(Beginning of Supplied records)

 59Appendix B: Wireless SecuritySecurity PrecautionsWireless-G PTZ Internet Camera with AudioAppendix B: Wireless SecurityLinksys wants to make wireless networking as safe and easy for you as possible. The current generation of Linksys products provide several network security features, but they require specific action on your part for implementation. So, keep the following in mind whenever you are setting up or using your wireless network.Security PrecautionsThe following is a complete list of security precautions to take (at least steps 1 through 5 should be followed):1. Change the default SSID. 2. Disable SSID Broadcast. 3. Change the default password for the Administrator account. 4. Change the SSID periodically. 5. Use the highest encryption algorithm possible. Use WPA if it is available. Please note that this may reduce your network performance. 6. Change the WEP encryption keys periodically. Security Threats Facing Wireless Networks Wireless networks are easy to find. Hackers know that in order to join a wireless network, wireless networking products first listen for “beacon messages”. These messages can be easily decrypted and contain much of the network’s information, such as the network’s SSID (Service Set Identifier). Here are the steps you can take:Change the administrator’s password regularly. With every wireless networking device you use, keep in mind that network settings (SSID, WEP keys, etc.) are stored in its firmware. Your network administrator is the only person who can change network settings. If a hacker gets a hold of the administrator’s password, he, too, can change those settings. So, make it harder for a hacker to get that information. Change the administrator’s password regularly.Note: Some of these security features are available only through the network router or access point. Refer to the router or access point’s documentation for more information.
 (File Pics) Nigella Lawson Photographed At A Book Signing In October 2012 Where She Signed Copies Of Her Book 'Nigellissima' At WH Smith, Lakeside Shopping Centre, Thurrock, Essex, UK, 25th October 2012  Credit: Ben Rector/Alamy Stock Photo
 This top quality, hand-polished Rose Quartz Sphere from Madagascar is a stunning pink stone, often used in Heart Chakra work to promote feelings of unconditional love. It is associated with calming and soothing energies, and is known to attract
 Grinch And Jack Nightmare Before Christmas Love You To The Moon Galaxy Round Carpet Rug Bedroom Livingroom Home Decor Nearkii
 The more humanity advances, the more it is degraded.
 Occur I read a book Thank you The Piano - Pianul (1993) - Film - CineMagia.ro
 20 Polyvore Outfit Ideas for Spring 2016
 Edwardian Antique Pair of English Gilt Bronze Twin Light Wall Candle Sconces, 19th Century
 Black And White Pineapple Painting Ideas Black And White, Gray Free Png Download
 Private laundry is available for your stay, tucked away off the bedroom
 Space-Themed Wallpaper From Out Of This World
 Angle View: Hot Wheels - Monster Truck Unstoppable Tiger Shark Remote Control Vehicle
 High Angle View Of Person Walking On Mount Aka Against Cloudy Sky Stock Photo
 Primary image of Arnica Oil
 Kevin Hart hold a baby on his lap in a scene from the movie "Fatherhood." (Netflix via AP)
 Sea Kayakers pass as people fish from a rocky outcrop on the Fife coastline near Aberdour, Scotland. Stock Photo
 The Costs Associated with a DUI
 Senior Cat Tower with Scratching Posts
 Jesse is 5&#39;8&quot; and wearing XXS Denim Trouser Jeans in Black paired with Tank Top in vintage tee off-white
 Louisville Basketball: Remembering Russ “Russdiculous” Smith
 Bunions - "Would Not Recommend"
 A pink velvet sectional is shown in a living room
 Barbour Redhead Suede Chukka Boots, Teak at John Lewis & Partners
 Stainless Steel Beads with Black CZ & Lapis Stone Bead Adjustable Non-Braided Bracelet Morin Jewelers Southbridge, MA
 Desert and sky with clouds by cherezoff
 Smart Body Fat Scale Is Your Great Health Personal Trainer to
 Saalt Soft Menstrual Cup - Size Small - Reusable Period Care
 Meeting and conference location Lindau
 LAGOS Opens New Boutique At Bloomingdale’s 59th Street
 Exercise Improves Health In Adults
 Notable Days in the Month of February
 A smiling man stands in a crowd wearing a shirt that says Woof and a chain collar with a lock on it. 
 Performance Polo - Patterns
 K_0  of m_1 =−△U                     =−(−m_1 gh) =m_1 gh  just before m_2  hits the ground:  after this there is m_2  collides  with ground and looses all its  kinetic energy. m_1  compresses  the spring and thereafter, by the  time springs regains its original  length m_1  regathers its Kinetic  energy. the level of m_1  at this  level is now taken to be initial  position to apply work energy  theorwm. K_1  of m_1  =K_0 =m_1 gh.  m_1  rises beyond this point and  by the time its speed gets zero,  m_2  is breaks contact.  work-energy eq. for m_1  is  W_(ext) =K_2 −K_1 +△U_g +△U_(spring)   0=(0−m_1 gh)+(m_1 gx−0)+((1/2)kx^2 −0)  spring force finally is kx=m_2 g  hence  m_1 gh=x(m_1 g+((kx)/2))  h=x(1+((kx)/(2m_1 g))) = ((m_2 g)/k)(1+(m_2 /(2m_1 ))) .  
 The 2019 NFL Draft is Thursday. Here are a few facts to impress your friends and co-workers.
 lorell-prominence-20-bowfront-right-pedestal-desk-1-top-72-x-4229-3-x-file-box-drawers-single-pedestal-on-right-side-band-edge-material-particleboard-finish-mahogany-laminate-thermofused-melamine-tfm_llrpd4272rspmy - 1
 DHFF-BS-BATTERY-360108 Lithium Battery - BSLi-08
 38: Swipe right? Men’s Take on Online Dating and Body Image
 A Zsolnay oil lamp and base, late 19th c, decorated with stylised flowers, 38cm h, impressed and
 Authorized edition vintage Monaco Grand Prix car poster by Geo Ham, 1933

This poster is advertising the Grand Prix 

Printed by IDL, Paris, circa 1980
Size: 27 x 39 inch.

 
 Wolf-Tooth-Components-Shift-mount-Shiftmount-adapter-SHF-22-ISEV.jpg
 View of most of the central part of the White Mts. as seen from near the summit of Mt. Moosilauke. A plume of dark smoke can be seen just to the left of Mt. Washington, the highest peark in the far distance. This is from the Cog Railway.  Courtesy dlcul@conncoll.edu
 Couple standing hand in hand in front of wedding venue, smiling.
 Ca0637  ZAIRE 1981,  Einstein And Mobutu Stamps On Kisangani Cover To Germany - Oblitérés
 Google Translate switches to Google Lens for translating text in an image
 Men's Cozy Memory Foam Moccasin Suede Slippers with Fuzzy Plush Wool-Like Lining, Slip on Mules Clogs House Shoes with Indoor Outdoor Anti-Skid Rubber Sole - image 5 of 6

(End of Supplied records)

» Problem details: Could you reproduce, exactly, every line above from the line with "Private laundry is" to the line with "Desert and sky with clouds by cherezoff", and no other line? Both ends count.

» Result of the exercise:
 Private laundry is available for your stay, tucked away off the bedroom
 Space-Themed Wallpaper From Out Of This World
 Angle View: Hot Wheels - Monster Truck Unstoppable Tiger Shark Remote Control Vehicle
 High Angle View Of Person Walking On Mount Aka Against Cloudy Sky Stock Photo
 Primary image of Arnica Oil
 Kevin Hart hold a baby on his lap in a scene from the movie "Fatherhood." (Netflix via AP)
 Sea Kayakers pass as people fish from a rocky outcrop on the Fife coastline near Aberdour, Scotland. Stock Photo
 The Costs Associated with a DUI
 Senior Cat Tower with Scratching Posts
 Jesse is 5&#39;8&quot; and wearing XXS Denim Trouser Jeans in Black paired with Tank Top in vintage tee off-white
 Louisville Basketball: Remembering Russ “Russdiculous” Smith
 Bunions - "Would Not Recommend"
 A pink velvet sectional is shown in a living room
 Barbour Redhead Suede Chukka Boots, Teak at John Lewis & Partners
 Stainless Steel Beads with Black CZ & Lapis Stone Bead Adjustable Non-Braided Bracelet Morin Jewelers Southbridge, MA
 Desert and sky with clouds by cherezoff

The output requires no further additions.